At a loss for last minute ideas for Valentine’s Day?  Here’s some local inspiration:

Baskin-Robbins recently debuted the Box of Chocolates Cake for Valentine’s Day.


Locations across the suburbs; baskinrobbins.com/en. Treat your love to Baskin-Robbins’ new flavor of the month: Love Potion #31. It’s a combo of white chocolate and raspberry ice creams, a raspberry swirl, and raspberry-filled chocolate-flavored hearts and chocolate-flavored chips. Or order the new Box of Chocolates Cake, which looks like a classic heart-shaped candy box made with ice cream, topped with fudge and decorated with milk chocolate candies. Order now for pickup on or before Feb. 14.

Einstein Bros. Bagels

Locations in Barrington, Glen Ellyn, Glenview, Hinsdale, Lake in the Hills, Lincolnshire, Naperville, Palatine, Park Ridge, Schaumburg, Wheaton and more; einsteinbros.com/. Feed your sweet or the fam with Einstein’s $5 Family Pizza Bagel Box, which includes four cheese and four pepperoni pizza bagels. Order the half-price special on Einstein’s mobile app now through Sunday, Feb. 14.

Francesca’s Restaurants

Locations in Arlington Heights, Barrington, Bolingbrook, Elmhurst, Lake Forest, Naperville, Northbrook, St. Charles and more. miafrancesca.com/holiday-pre-orders/. Indulge in the That’s Amore dinner for two for $119.95. It includes a salad, a pair of 8-ounce filet mignons over lobster risotto, and a dark chocolate tart with chocolate cream and strawberries. Order by noon Thursday, Feb. 11, for pickup from 4-8 p.m. Friday through Sunday, Feb. 12-14.

The Hampton Social

100 W. Higgins Road, South Barrington, (224) 633-5414, thehamptonsocial.com/hssbi. Celebrate your love with half off rose bottles from 4-10 p.m. Sunday, Feb. 14. Reservations requested.

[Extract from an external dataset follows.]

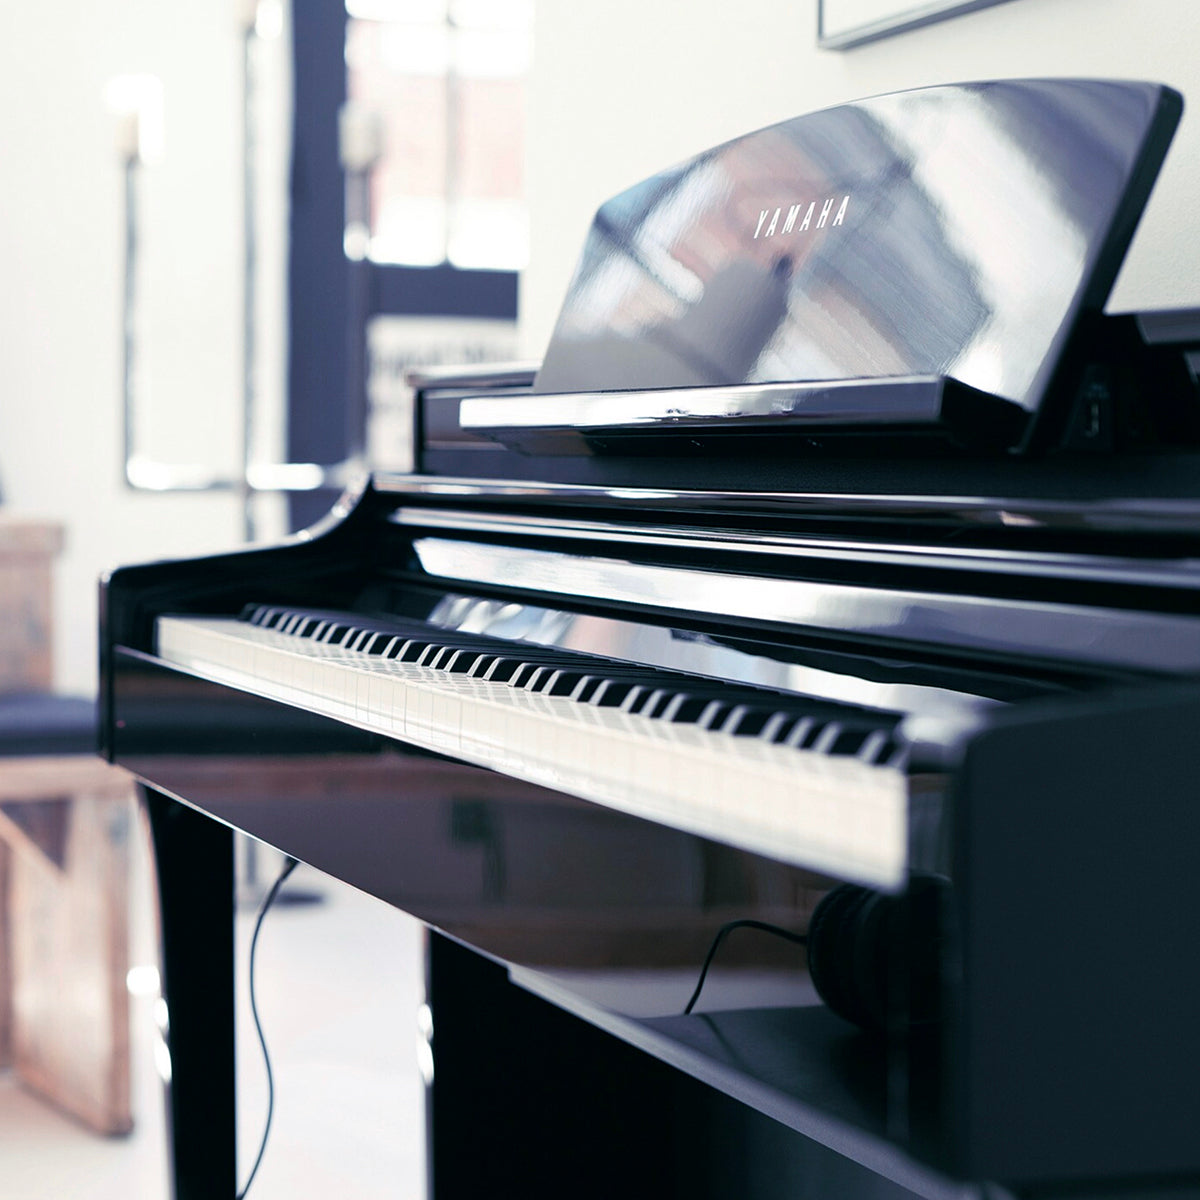 Yamaha Clavinova CSP-170 Digital Piano - Polished Ebony – Kraft Music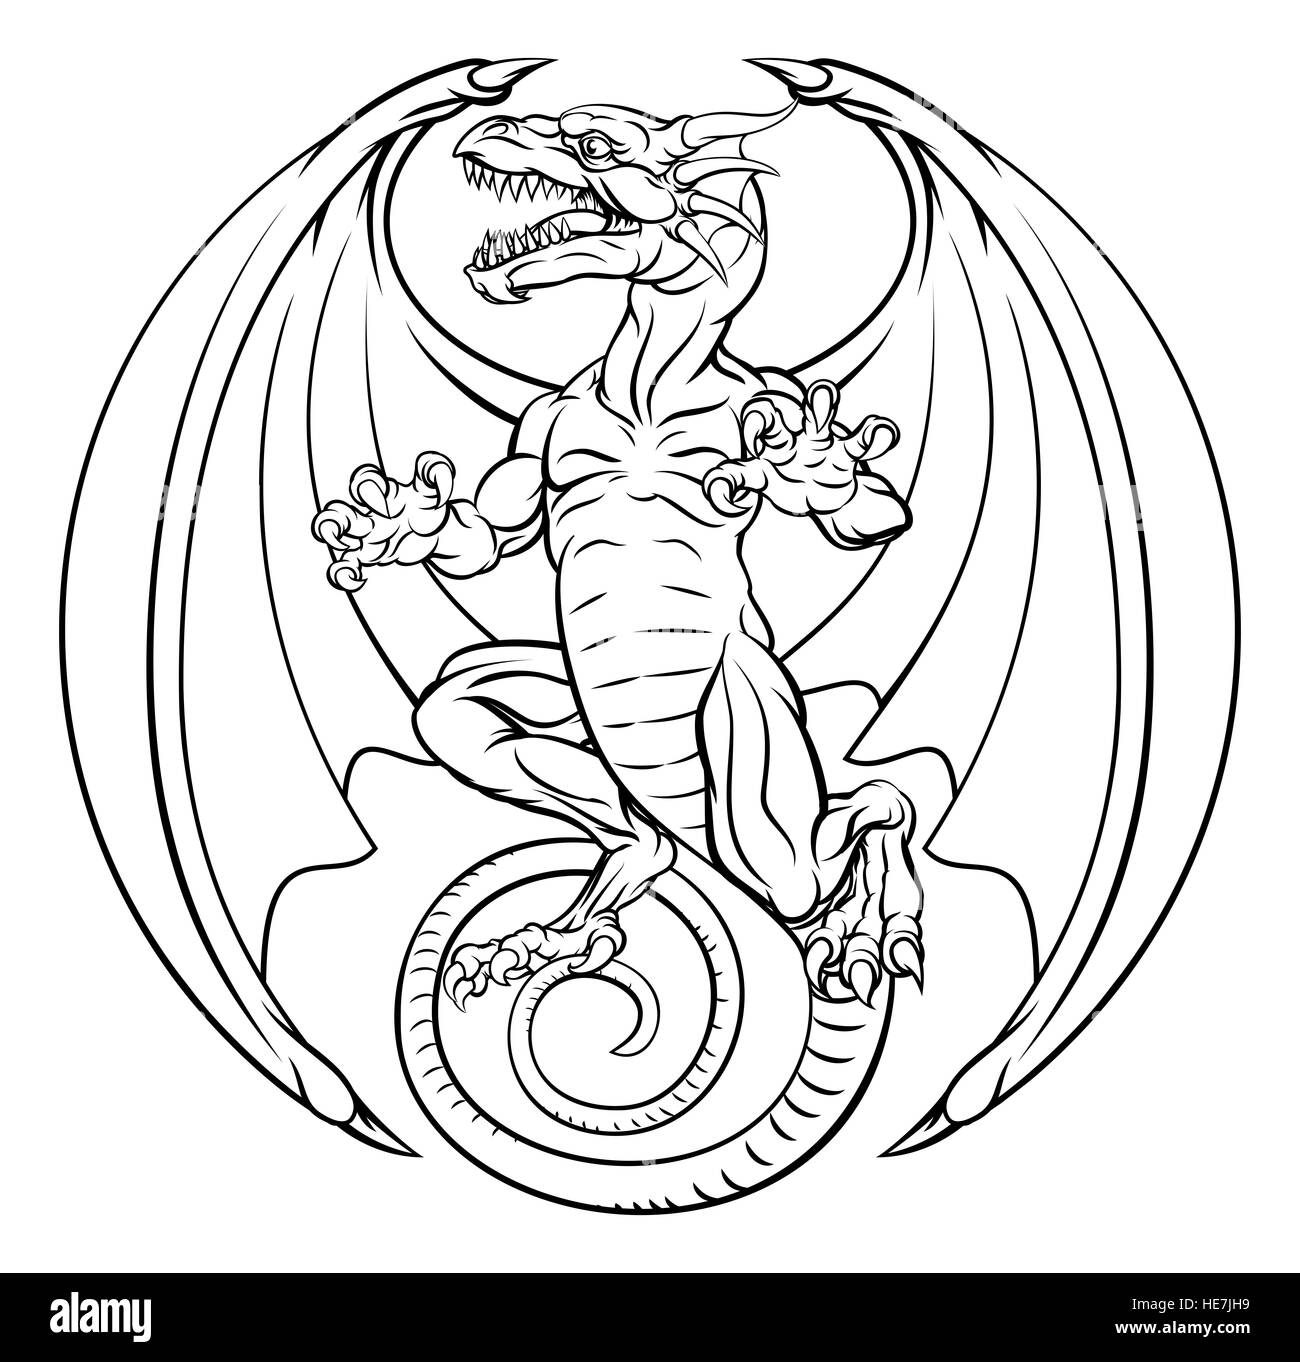 A tattoo dragon illustration design in a circle shape Stock Photo

Moretti’s Ristorante & Pizzeria

Locations in Barrington, Bartlett, Crystal Lake, Fox Lake, Hoffman Estates, Lake in the Hills, Mount Prospect, Rosemont and Schaumburg; morettisrestaurants.com/. Moretti’s celebrates Valentine’s Day from Monday through Sunday, Feb. 8-14. The special dinner for two for $59 includes spinach and artichoke dip, a garden or Caesar salad, a choice of two entrees (rib-eye, pan-seared salmon, brick chicken), heart-shaped chocolate cherry cake, and a bottle of red or white wine. Order 24 hours in advance of pickup or delivery. Dine in is also an option.


7 Oakbrook Center Mall, Oak Brook, (630) 575-8700; 1150 Willow Road, Northbrook, (847) 480-2323; 100 W. Higgins Road, South Barrington, (847) 844-9300; pinstripes.com/. Now through Sunday, Feb. 14, all pizzas and flatbreads are 50% off when ordered for curbside pickup.

Shaw’s Crab House

1900 E. Higgins Road, Schaumburg, (847) 517-2722, shawscrabhouse.com/schaumburg/. Treat your love to Shaw’s Valentine’s Day meals for two, which can be enjoyed in the restaurant, on the heated patio and to go Feb. 12-14. The $155 Surf & Turf Dinner includes an iceberg wedge salad, shrimp cocktail, two 4-ounce petite filets, two 4-ounce Maine lobster tails, 10-ounce King crab, au gratin potatoes and triple layer chocolate cake. The $160 Alaskan King Crab Dinner features 2 pounds of Alaskan red king crab legs, sides and dessert, while the $165 Surf & Surf Dinner for Two includes two 4-ounce Maine lobster tails, 1.25 pounds of Alaskan red king crab legs, sides and dessert. Reservations required for dine in. To-go orders must be placed on Tock one hour prior to pickup.

Find more ideas in the Daily Herald here.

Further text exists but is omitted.